Although both skeletal and cardiac muscle consist of striated muscle fibers, symptoms associated with cardiac involvement in DMD usually manifest at a later stage of the disease. The degree of change on histological examination of the skeletal and cardiac muscle tissue in this case corresponded with the expected course of DMD, with marked fibrofatty changes observed in the skeletal muscle and a relatively preserved condition observed in the cardiac muscle. A previous study suggested that this temporal discrepancy might arise from tissue-specific functional variations in dystrophin and subsequent differences in the composition of DAPC [4,6].
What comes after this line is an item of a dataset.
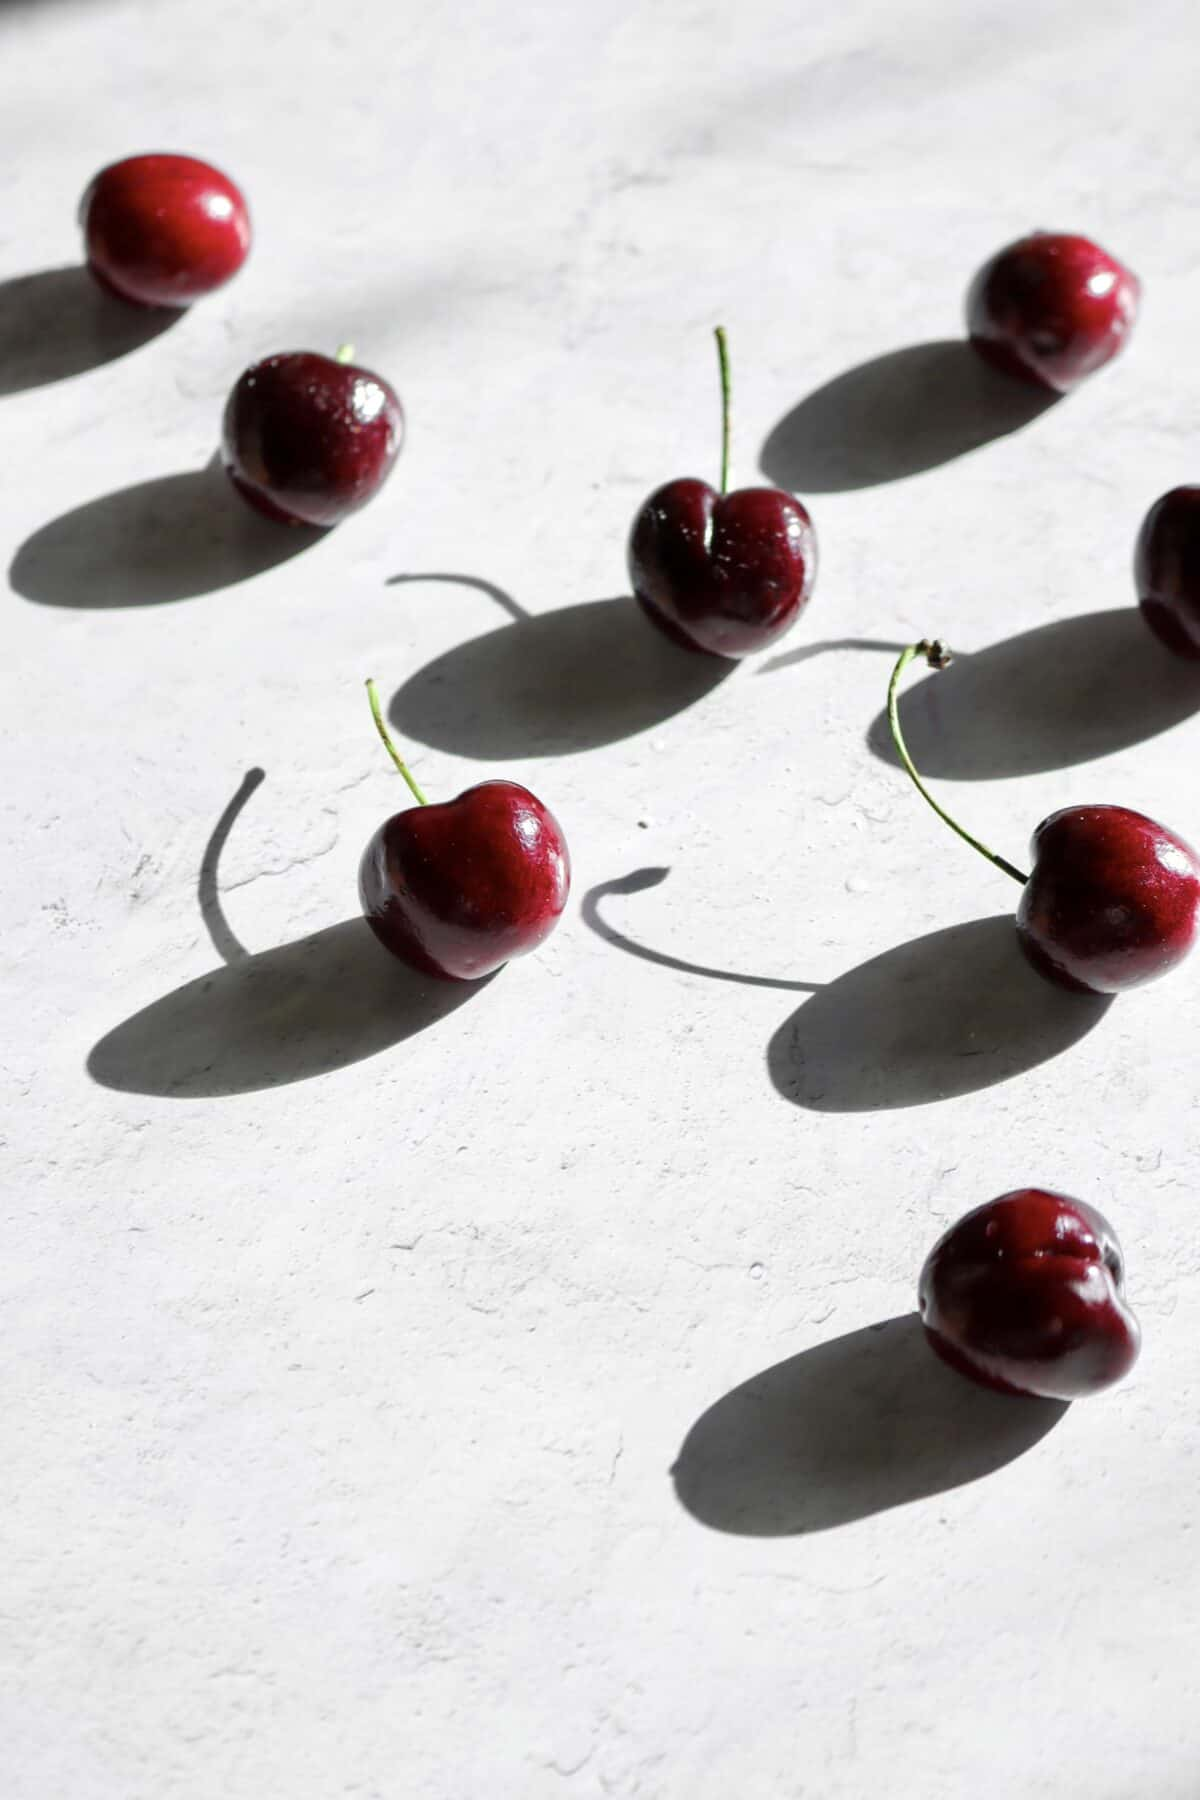 cherries on a concrete board

DMD is diagnosed based on clinical suspicion and an elevated serum creatine kinase level, supported by genetic evaluation for associated mutations. Histological examination using skeletal muscle sampling is an alternative in case in which genetic sequencing does not detect any mutations [7]. Hence, the pathological features of DMD, particularly in the non-skeletal muscles, remain relatively unexplored. In this case, we compared the pathological findings of the calf, diaphragmatic, and cardiac muscles from an autopsy of patient with DMD. The calf was the most severely affected muscle, followed by the diaphragm and heart. This fibrofatty change in muscular tissue aligns with the progression pattern of DMD, which is characterized by a late manifestation of cardiomyopathy. During the early phase of the disease, degenerated muscle is repaired by regeneration. However, in the later phase, dead myocytes are replaced by fatty and fibrotic tissues owing to repressed autophagy and impaired regenerative capacity in chronically inflamed tissue of DMD [2]. Furthermore, the fibrofatty change in the cardiac muscle was most prominent in the left ventricle and left side of the interventricular septum, particularly in the outermost portion of the myocardium, located just beneath the epicardium. Considering the essential role of dystrophin in maintaining structural stability during repetitive damage from contraction, muscles with more vigorous movement may be more susceptible to damage in cases of dystrophin deficiency, as shown in this case. Comprehensive examination of both skeletal and non-skeletal muscle, including cardiac muscle, may improve our understanding of the pathophysiology of DMD.